Ярослав Шипов – Шел третий день... (страница 24)
— Да просто денек был бы посветлее, а если солнышко — то за тучкой, чтоб не прямой свет.
— Ну это конечно, чтоб не прямой, — с пониманием согласился старик, — да что тут будешь делать! — прошел к двери, щелкнул выключателем, — лампа вспыхнула, вернулся к столу и поднял перстень.
Гришуха поморщился, предчувствуя боль, и глянул на камень: попав под прямой свет, аметист полыхнул и, отбиваясь от электричества, яростно выплеснулся кровавым сиянием. Гришуха даже глаза закрыл, но и под веками все было кроваво-красным.
Старик, не выдержав зрелища, положил перстень на стол.
— Да, брат, — только и сказал он.
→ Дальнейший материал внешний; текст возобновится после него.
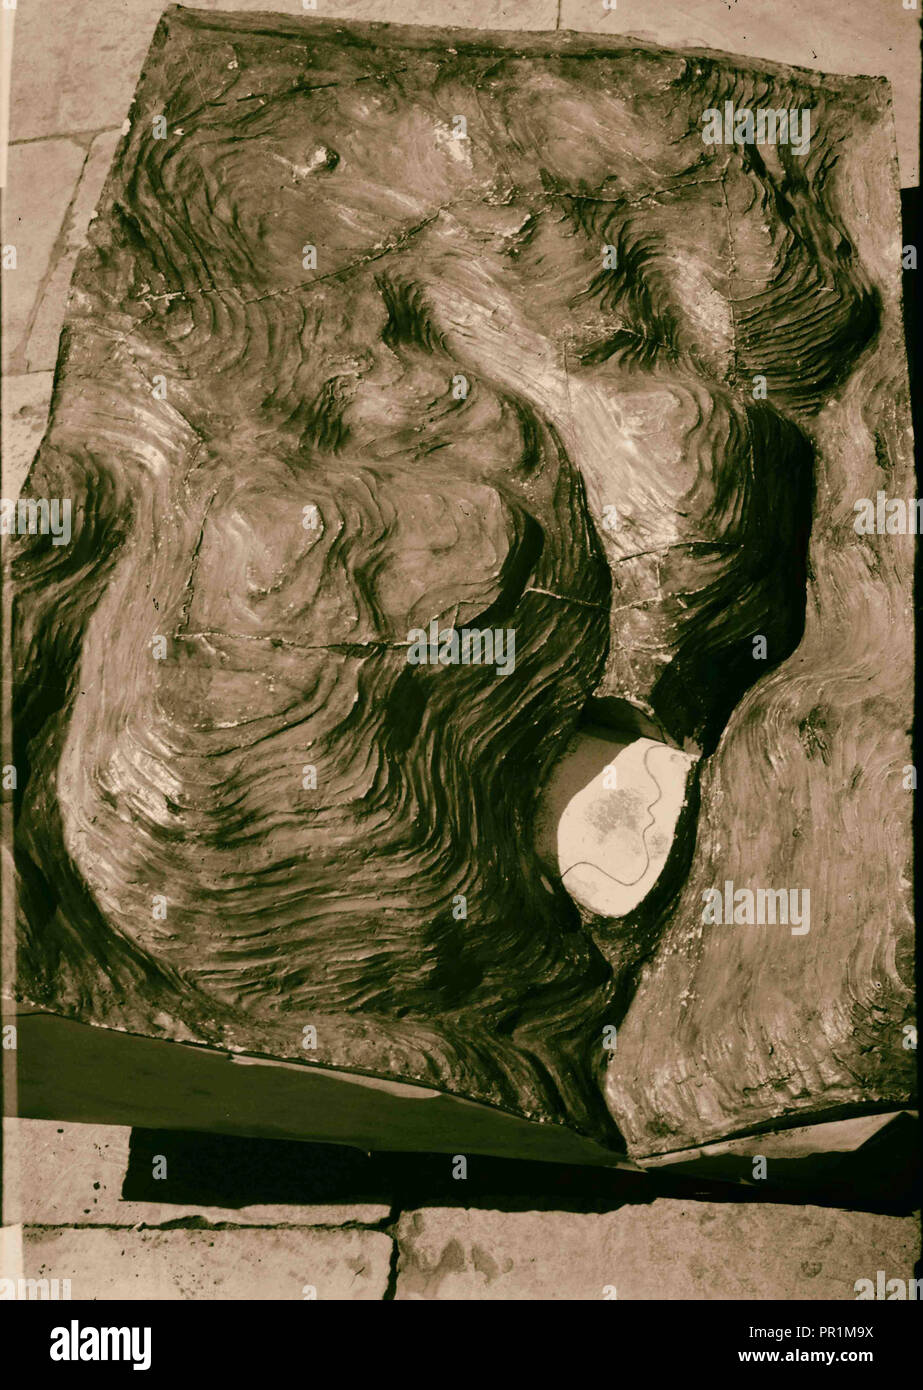 Copy Of Relief Map Showing Original Topography Of Jerusalem With

А камень, лежавший теперь боком к свету, несколько успокоился, поостыл, сделался темно-лиловым, и лишь в глубине его горели кровавые искорки.
— Да-а, — шепотом добавил Василий Михайлович, — сильная вещь.
— Вот, — пробурчал Гришуха, — а продавщица тридцатник предложила.
— Ну, это она по молодости. — И, глядя на перстень и что-то про себя думая, старик вдруг спросил: — А ты как вообще-то живешь?
— Все так же.
— Все этим… сторожем работаешь?
— Да, — усмехнулся Гришуха, — ночным дежурным по маслозаводу.
— Денег, поди, не хватает?
Гришуха пожал плечами.
— Ну и как перебиваешься?
— Так и перебиваюсь.
— Ну, а огород там, сад?
— Некогда. Все время гроблю на это дело, — ткнул пальцем в перстень.
— М-да. А жена не ворчит?
— Ворчит, — Гришуха вздохнул, — еще как ворчит. Все ж ребятишек двое.
— М-да. А чего ж так мало продукции выдаешь? — улыбнулся старик. — Раз в год и приносишь по камешку.
— Дак дело такое! Пока… придумаешь перстенек, да пока сработаешь, да с тыщу раз переделаешь, чтобы самое то получилось…
— Это конечно, — согласился старик. — Перстенечек твой — загляденье. И скань тут есть, и чернение, и чеканка! Сказочная работа… И все-таки в год по камешку — не проживешь. Надо, брат, посерьезней работать, — осторожно заметил старик.
— Что это вы имеете в виду? — не понял Гришуха.
— Да ничего, — смял старик разговор, — так…
— Василь Михалыч, что вы все темните?
— Экой нетерпеливый! Молодой еще, значит… Ладно: триста пятьдесят. Но столько — не дам.
— Давайте триста.
— И триста не дам. Покупателей нет. Могу дать только сотню.
— Ну что вы, Василь Михалыч, вы ж понимаете…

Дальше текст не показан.